ABSTRACT .........................................................................................................................................................312

Page 322: Retour au travail et maintien en emploi après un ...

Retour au travail et maintien en emploi après un diagnostic de cancer : des trajectoires

socialement différenciées

Chaque jour en France, plus de quatre-cents personnes actives ou en âge de l’être apprennent qu’elles ont un cancer.

Or, plusieurs études françaises et internationales mettent en lumière l’impact négatif de la maladie sur la vie

professionnelle, ce qui positionne le sujet du retour au travail et du maintien en emploi après le diagnostic d’un cancer

au cœur d’enjeux sociaux, mais aussi politiques puisqu’il constitue un des objectifs du 3ème Plan Cancer. En moyenne,

ces études estiment que près d’un quart de la population en emploi au moment du diagnostic ne l’est plus deux ans

après. Ce taux varie entre 8 % et 40 % selon les études et les pays mais également selon les caractéristiques

socioprofessionnelles et médicales des populations enquêtées (Paltrinieri et al., 2018). Malgré un intérêt grandissant

des sciences sociales et médicales pour ce sujet, la plupart des études françaises s’intéressent à des populations

restreintes (parmi lesquelles les femmes atteintes d’un cancer du sein sont les plus représentées) sur des périodes

d’observation relativement courtes (inférieures à 2 ans du diagnostic). Dans ce contexte, cette recherche doctorale a

pour objectif de participer à la compréhension des difficultés rencontrées par les personnes atteintes de cancer dans

la poursuite de leur vie professionnelle en dépit des dispositifs mis en place par les pouvoirs publics. Afin d’apporter

une vision complète du sujet, cette recherche se veut transdisciplinaire : elle s’inspire de théories de santé publique,

sociologique mais également économique, et mobilise des méthodes mixtes alliant analyses quantitatives et

qualitatives. Ces analyses reposent exclusivement sur deux sources de données : l’enquête nationale VICAN5,

conduite par l’Institut National du Cancer et l’enquête CAREMAJOB réalisée dans le cadre de ce travail doctoral.

VICAN5 est une enquête transversale réalisée par questionnaires auprès de personnes diagnostiquées d’un cancer en

2010/2011 et interrogées sur leurs conditions de vie cinq ans après, tandis que CAREMAJOB est une enquête

longitudinale pour laquelle deux séries d’entretiens semi-directifs ont été réalisés à six mois d’intervalle auprès de

personnes en emploi au moment du diagnostic de leur cancer. Nos résultats corroborent ceux de la littérature : les

personnes ayant les caractéristiques socioéconomiques les moins favorables sont les plus vulnérables face au

maintien en emploi à distance du diagnostic. En complément, cette recherche soutien l’intérêt de considérer des

indicateurs complémentaires au taux de retour au travail pour caractériser la situation professionnelle post-diagnostic,

tels que les parts d’emplois réduits et de changements de poste ou encore l’évolution de la situation financière. En

outre, l’approche individuelle souligne le rôle actif du patient tout au long du processus de retour au travail.
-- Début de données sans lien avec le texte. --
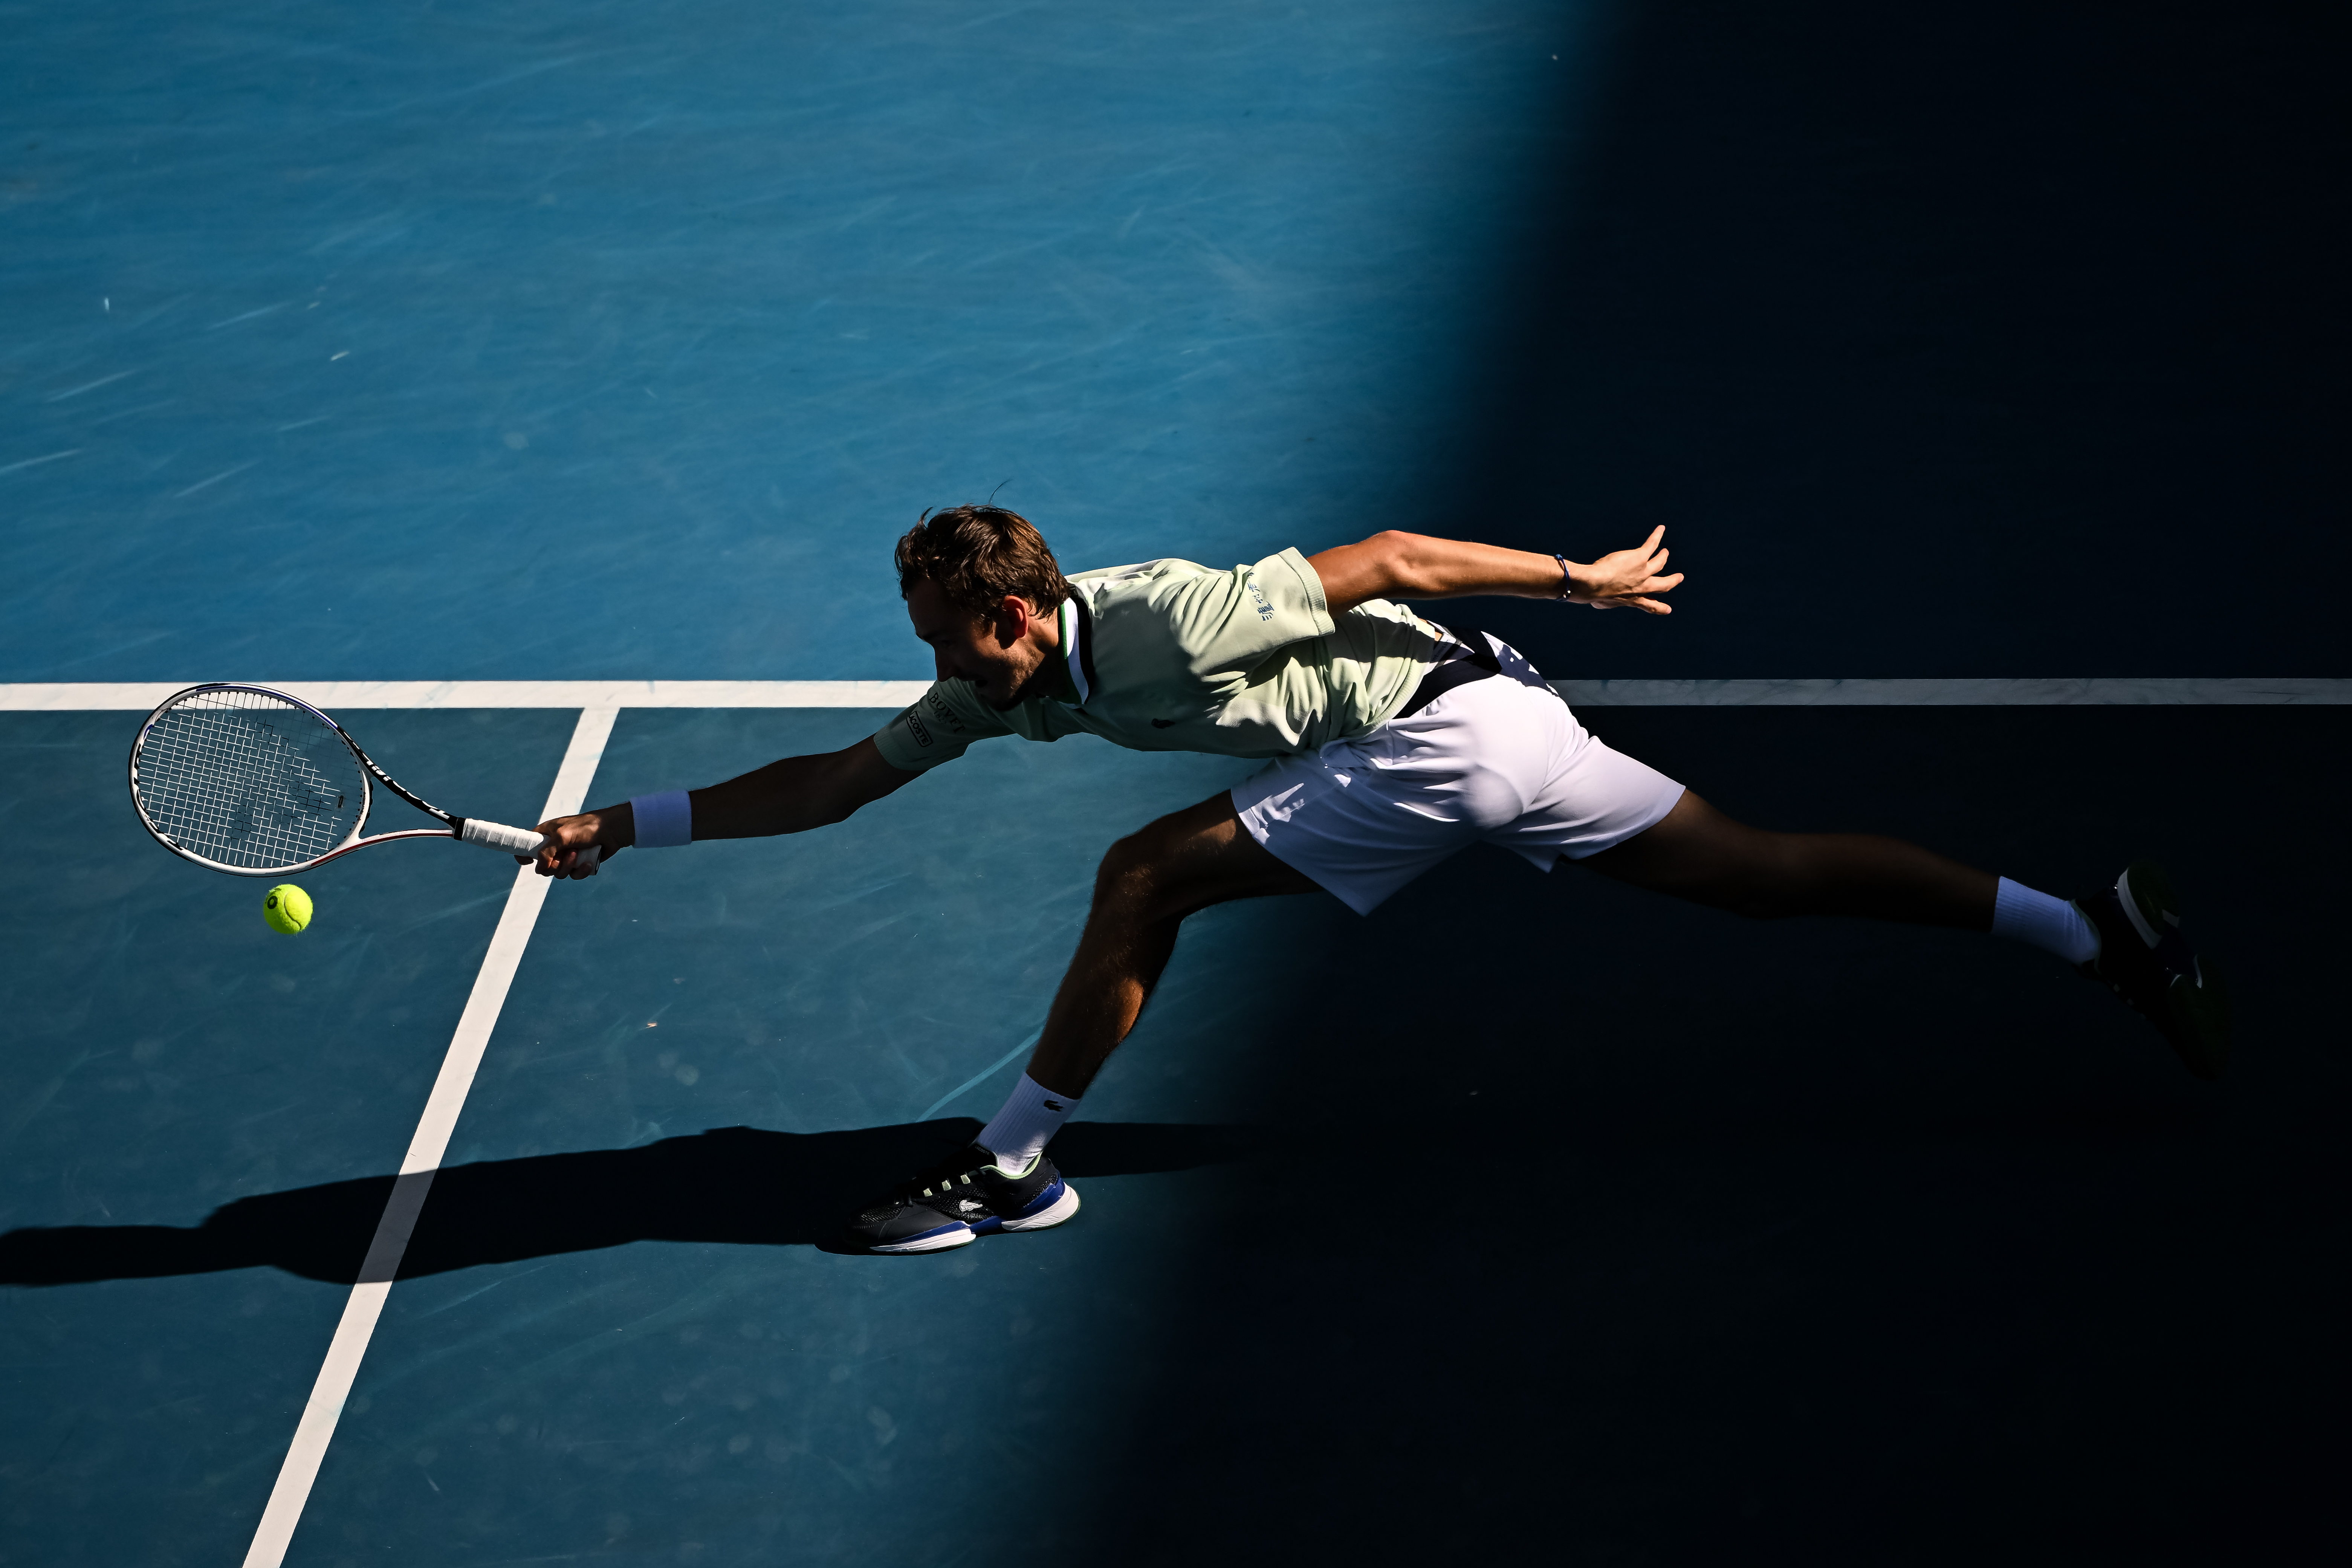 Daniil Medvedev of Russia hits a forehand against Maxime Cressy of the United States during day eight of the 2022 Australian Open at Melbourne Park on January 24, 2022 in Melbourne, Australia.
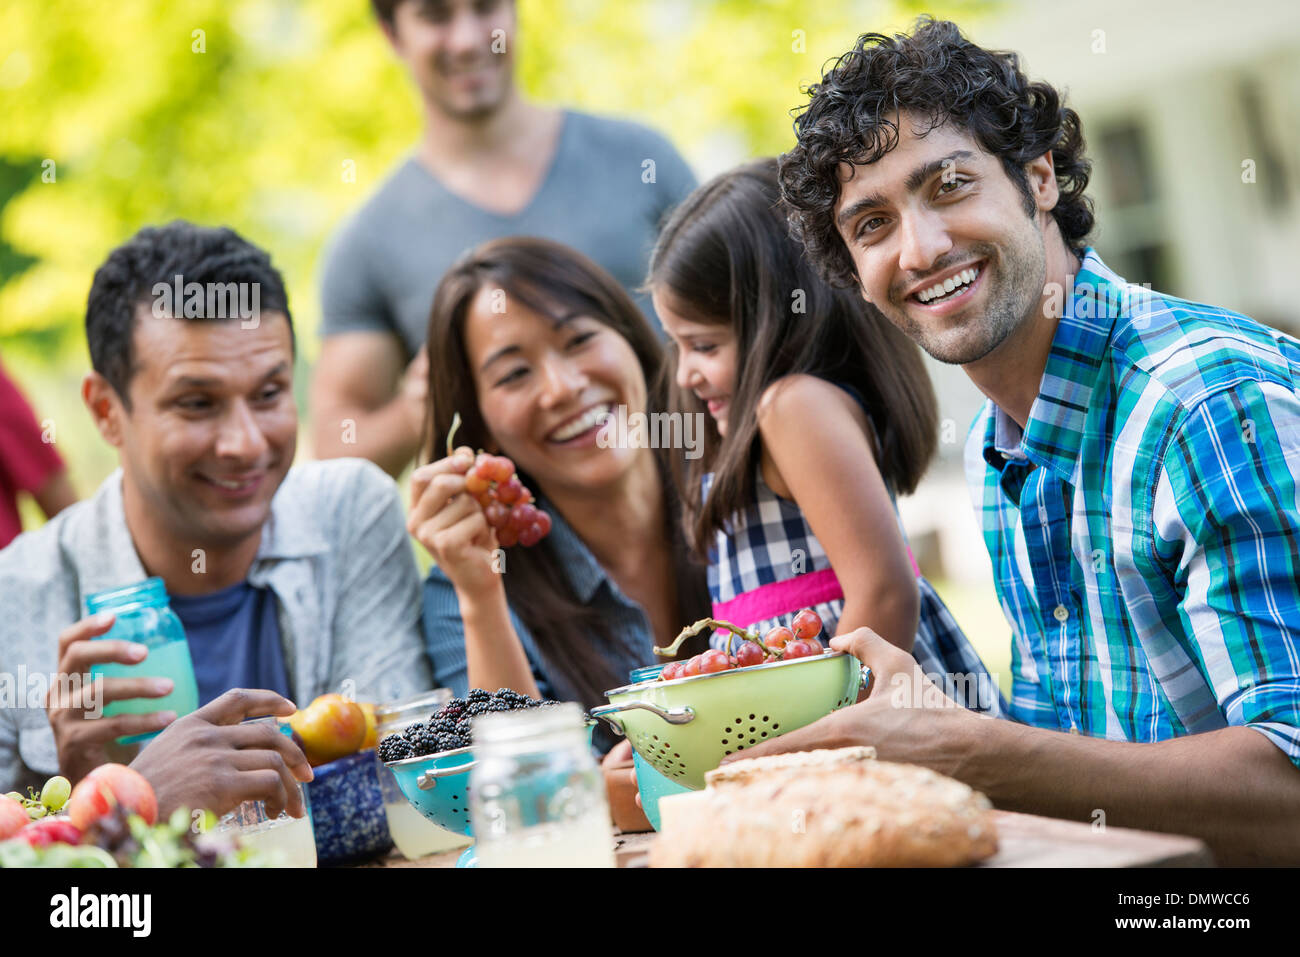 Adults and children around a table in a garden. Stock Photo

L’intersection subjective de ses expériences, de la maladie et du travail, construit progressivement sa motivation à

reprendre une activité professionnelle. Néanmoins, la capacité individuelle à se maintenir en emploi peut être altérée

par l’accès socialement différencié aux dispositifs d’aide, tels que les aménagements du travail qui, d’après nos

résultats, favorisent le maintien en emploi à moyen terme. Dans une perspective de politiques publiques, cette thèse

plaide pour un accompagnement personnalisé des personnes atteintes de cancer qui doit être réalisé précocement

dans le processus de retour au travail, et ce, afin de prendre en considération simultanément les inégalités

socioprofessionnelles et les motivations individuelles. Plus précisément, une attention spécifique doit être portée aux

travailleurs indépendants, aux femmes, aux individus disposant d’un faible statut socioéconomique et à ceux ayant

des conditions de travail délétères avant même la survenue de la maladie.

Mots clés : Cancer, Retour au travail et maintien en emploi, Trajectoires professionnelles, Inégalités sociales.